La neutralité carbone : vers une accélération du processus ?

Le 14 juillet dernier, la Commission européenne présentait 12 mesures visant à adapter les politiques de l’UE en matière de climat, d’énergie, de transport et de fiscalité en vue de réduire les émissions nettes de gaz à effet de serre d’au moins 55 % d’ici à 2030 par rapport aux niveaux de 1990. Ce nouveau paquet législatif est un tournant pour l’Union européenne affichant des objectifs audacieux qui pourraient faire du Vieux Continent un modèle de lutte contre le réchauffement climatique. Huit secteurs d’intervention sont établis par la Commission : climat, énergie, agriculture, industrie, environnement et océans, transports, finances et développement régional et enfin, recherche et innovation.

L’une des mesures phares proposée par Bruxelles est de réduire drastiquement les émissions de CO2 des voitures et véhicules utilitaires légers neufs. La Commission a ainsi annoncé la fin des véhicules essence et diesel d’ici 2035. Les voitures d’occasion seront probablement soumises à des restrictions de circulation locales. Dans les métropoles comme Paris ou Londres, l’accès serait donc permis aux seuls véhicules électriques. Afin de diminuer les émissions carbone, la Commission prévoit également, à horizon 2026, d’attribuer un prix à la pollution pour les transports routiers afin de favoriser l’utilisation de carburants plus propres. Ce mécanisme d’échange de quotas d’émission est aussi prévu pour le secteur de l’électricité. Une nouvelle mise en place qui constitue un point d’achoppement central au sein du Parlement européen : c’est une décision « politiquement suicidaire » selon Pascal Canfin, président de la commission de l’environnement du Parlement européen. Alors qu’une inquiétude se forme autour d’une augmentation notable des factures d’énergie des consommateurs, la Commission entend éviter cet écueil grâce à son projet de fonds pour le climat social doté de 72,2 milliards d’euros directement alloués sur le budget de l’UE pour une période de sept ans.

Comment mieux adapter nos villes aux défis de demain ?

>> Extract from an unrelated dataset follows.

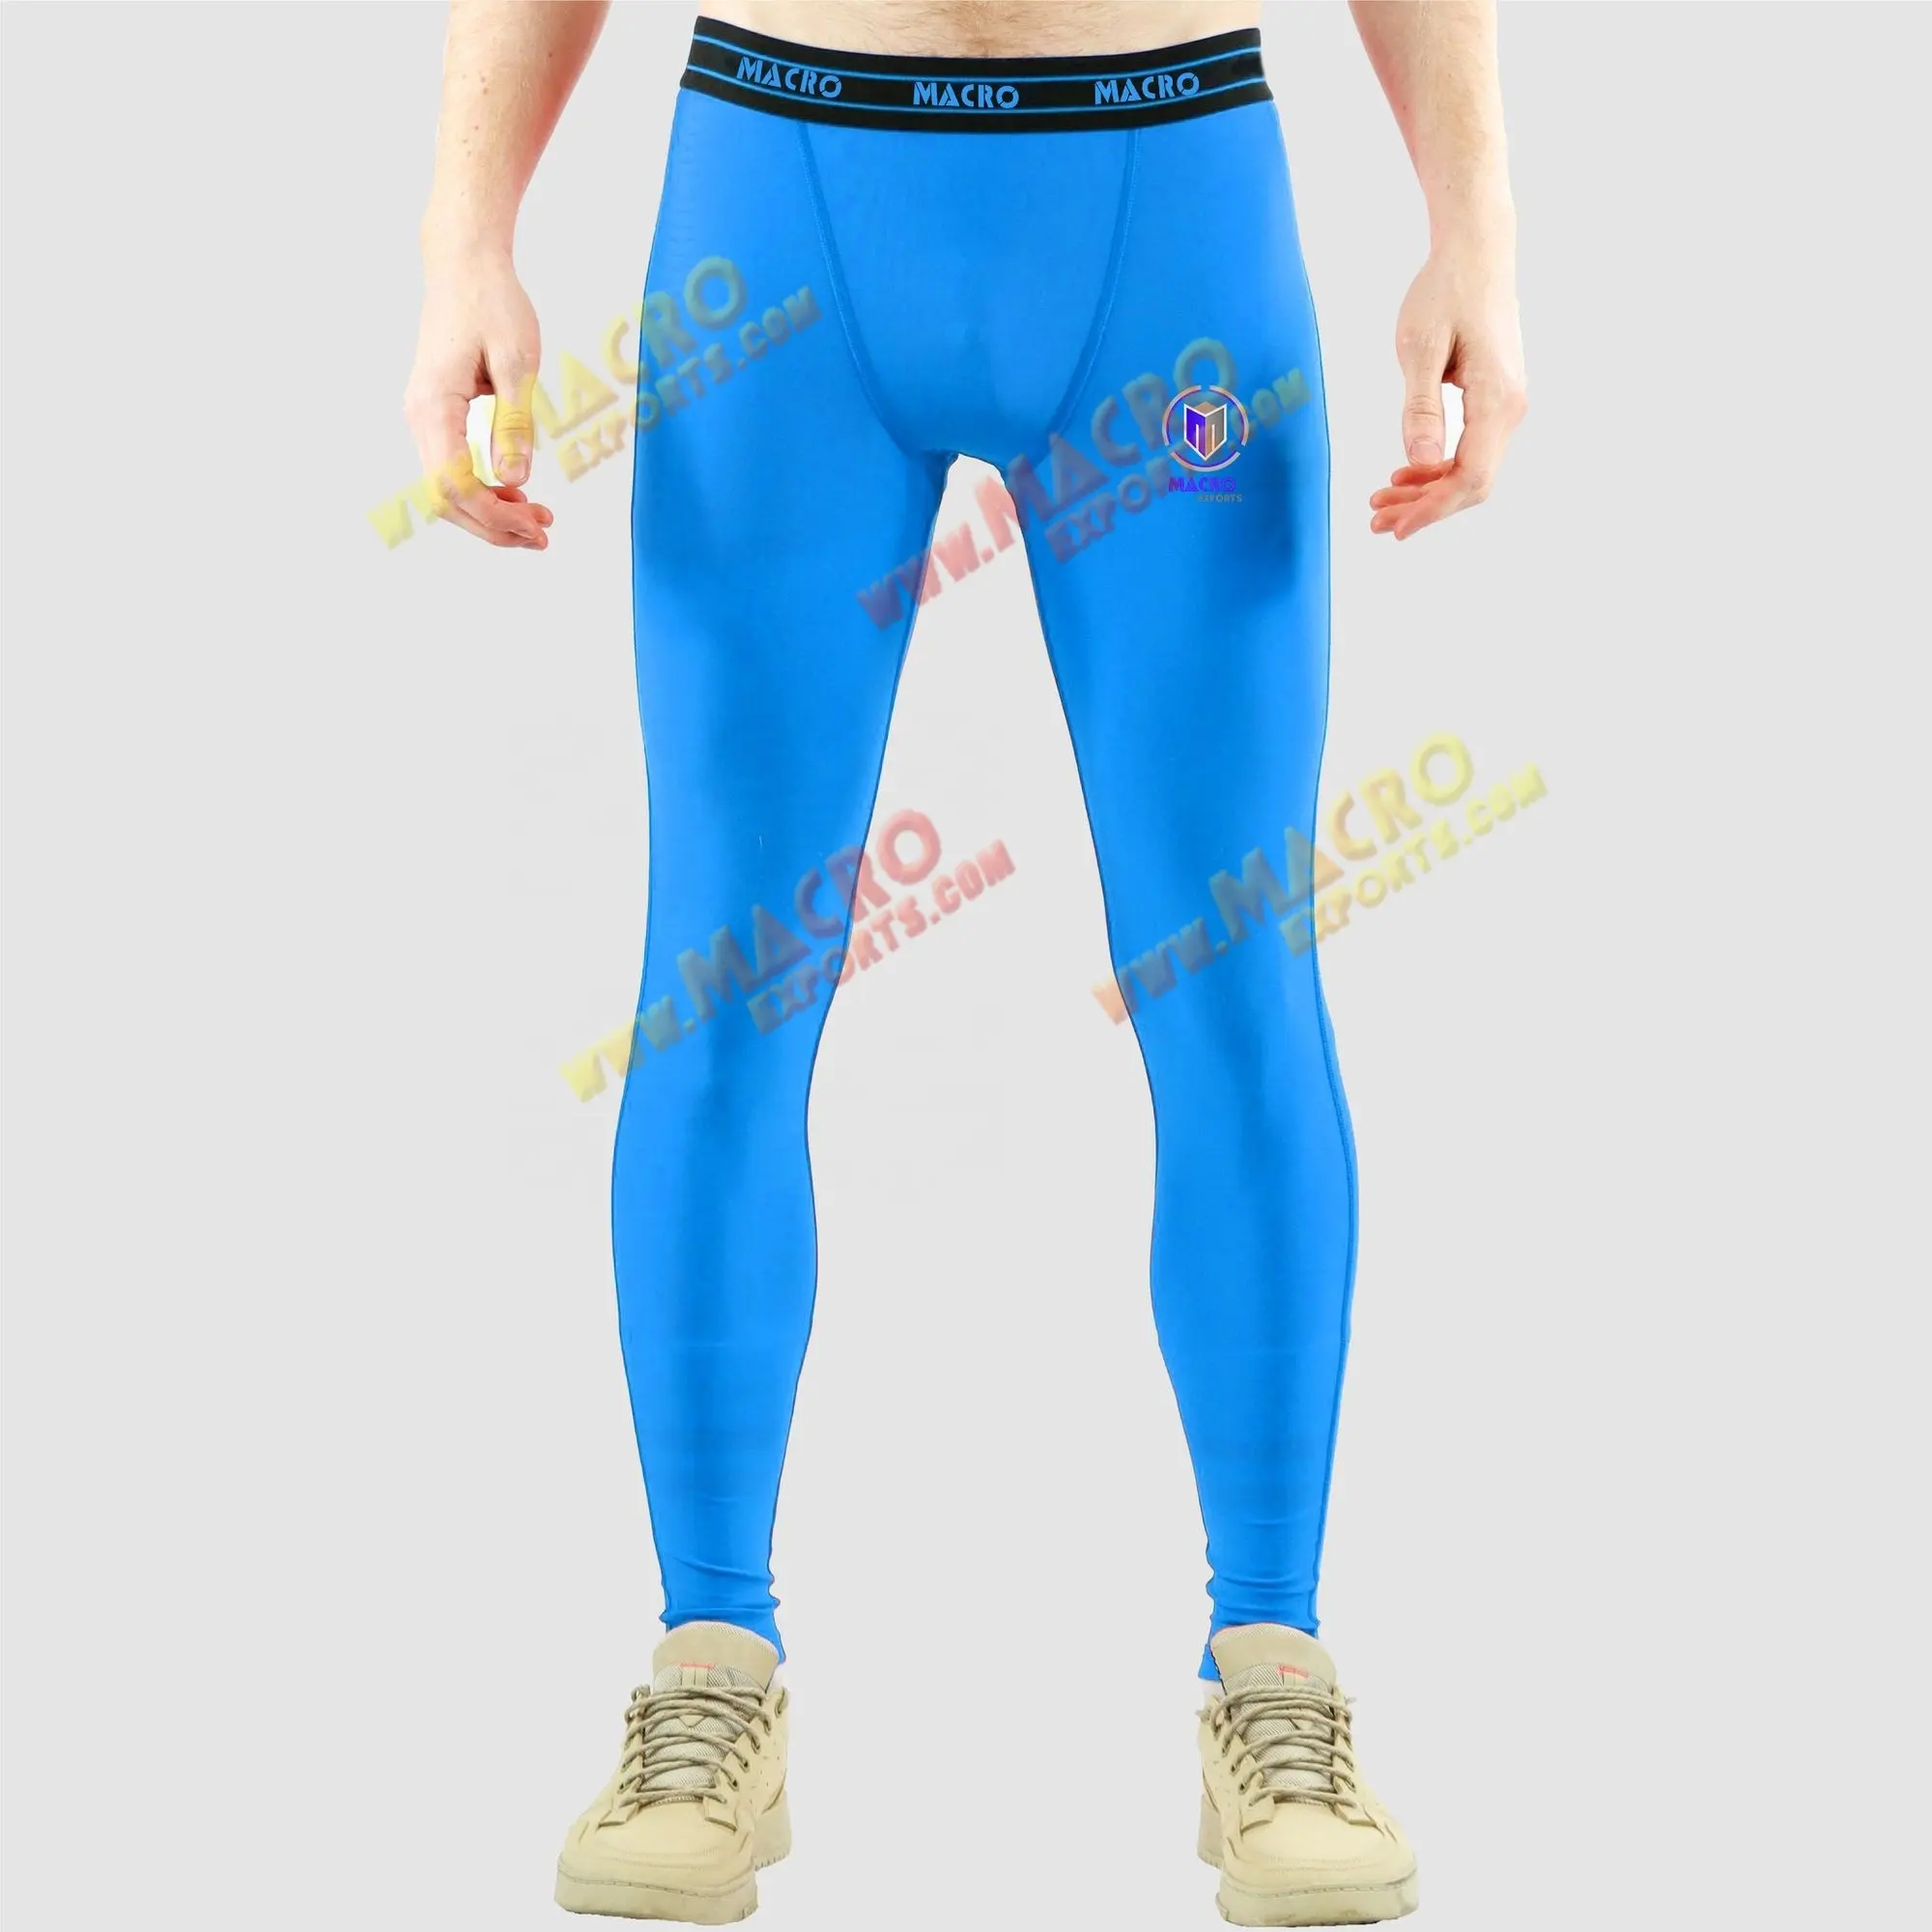 Wholesale Men Fitness leggings elastic waistband leggings sport Running yoga pants for men Plus Size Printed Pant

La rénovation et la mise aux normes du bâtiment est un autre champ d’action fort. Cet objectif est fixé à 36 % en 2030, contre 32 % auparavant. L’enveloppe allouée par Bruxelles favorisera l’émergence des nouveaux territoires de confiance, dans lesquels les citadins devront utiliser les énergies renouvelables et durables dans leur quotidien. Les villes occupent une place majeure dans le processus du réchauffement climatique. A l’échelle mondiale, elles sont responsables de 70% des émissions de gaz à effet de serre. C’est pourquoi Bruxelles tentera d’obliger les États membres à rénover tous les ans au moins 3 % de la surface au sol totale de l’ensemble les bâtiments publics, de fixer une valeur de référence de 49 % d’énergies renouvelables dans les bâtiments d’ici à 2030, d’obliger les États membres à accroître l’utilisation des énergies renouvelables dans le chauffage et le refroidissement de 1,1 point de pourcentage d’ici à 2030.

Les contraintes sont édictées pour obtenir une meilleure consommation énergétique devenue un enjeu considérable pour atteindre les objectifs de décarbonisation. Pour y parvenir, les Etats membres peuvent compter sur des solutions technologiques innovantes développées par des entreprises européennes. C’est le cas de l’entreprise allemande Sonnen, qui commercialise une batterie solaire permettant aux particuliers pourvus de panneaux photovoltaïques de stocker leur électricité et de l’utiliser ultérieurement en étant indépendants du réseau électrique national. Cette pratique de production et de partage de l’énergie de particulier à particulier gagne du terrain en Allemagne où 600 000 foyers utilisent cette solution, contre 20 000 en France. Des expérimentations d’autoconsommation collective voient le jour en Hexagone, notamment à Bordeaux, Nantes ou dans le quartier Confluence à Lyon. Le mode de gouvernance et la rentabilité de ce type de production énergétique questionnent néanmoins. La construction des territoires de confiance passera donc par une rénovation des modes de production énergétique et d’habitation.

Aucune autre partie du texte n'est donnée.